Historic ship SS United States rescued from scrapheap

PHILADELPHIA — An ocean liner that was the biggest and fastest ever built in the United States, and a symbol of national prestige until it was left to rot on the Philadelphia waterfront, may soon sail again.

Norwegian Cruise Lines said Monday it has purchased the SS United States and intends to refurbish and return it to service, a half-century after the massive steamship set a speed record for a trans-Atlantic crossing.

The announcement amazed preservation groups, who had been fighting what looked like a losing battle to rescue the ship from being scrapped.

"I'm stunned," said Susan Gibbs, the granddaughter of the ship's designer, William Francis Gibbs. "The last several years, the news has all been bleak. It has all been rumors about scrapping, and one failed venture after another."

For years, the SS United States has been a rusting hulk seemingly abandoned at an unused wharf on the Philadelphia waterfront. Underneath the peeling paint, though, lay a rich history.

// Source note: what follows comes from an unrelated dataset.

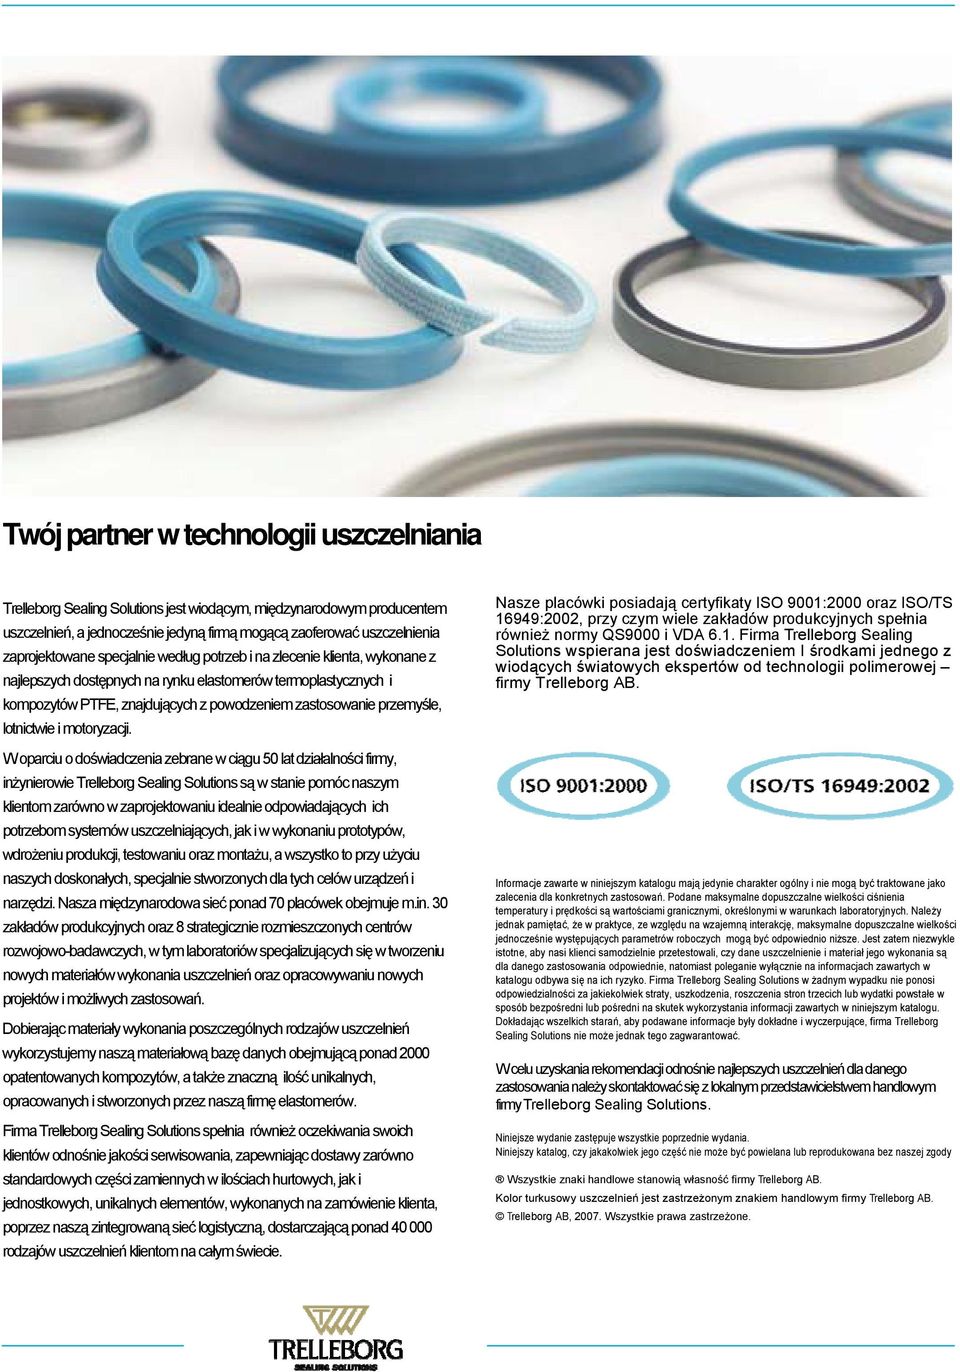 ISO/TS 16949:2002, przy czym wiele zakładów produkcyjnych spełnia również normy QS9000 i VDA 6.1. Firma Trelleborg Sealing Solutions wspierana jest doświadczeniem I środkami jednego z wiodących światowych ekspertów od technologii polimerowej firmy Trelleborg AB.

On its maiden voyage in 1952, the powerful liner and its 268,000 horsepower engines set a new trans-Atlantic speed record of three days, 10 hours, 42 minutes. That record stood until 1990.

The ship was big, too — at 990 feet, it was 108 feet longer than the Titanic.

It carried numerous celebrities in more than 800 Atlantic crossings. Among those celebrities were Grace Kelly, Elizabeth Taylor, President Kennedy and England's King Edward VIII. Bill Clinton took it on his way to Oxford University in 1968.

Air travel finally did the big ship in. It was decommissioned in 1969 and was briefly stored at ports in Virginia, Turkey and Ukraine before docking in Philadelphia in 1996.

The late developer and hotel owner Homer Hadley bought the ship for $5 million in 1978, and had planned a $35 million overhaul to ready it for cruises between Los Angeles and Hawaii.

But after his United States Cruises Inc. filed for bankruptcy, the ship was auctioned off for $2.6 million in 1992.

Norwegian Cruise Lines spokeswoman Susan Robison wouldn't say how much the company had paid for the ship, which had been owned by a New Jersey firm, Cantor Companies. Messages left at Cantor's offices were not immediately returned.

Robison also declined to say how much it might cost to refurbish the ship. Previous estimates had been between $200 million and $500 million.

The ship was gutted in the mid-1990s, and its interior will probably need to be redesigned to compete with modern-day cruise ships, Robison said.

Fans of the ship, though, said that its torpedo-resistant hull is undamaged and that it could be made seaworthy again.

"She just needs to be sandblasted and rewired and she can sail," said Robert Hudson Westover, 39, chairman of the SS United States Foundation, a group that has been lobbying for the ship's preservation.

"I'm just giddy," he said. "Saving the SS United States is equivalent to saving one of the great engineering wonders of the world."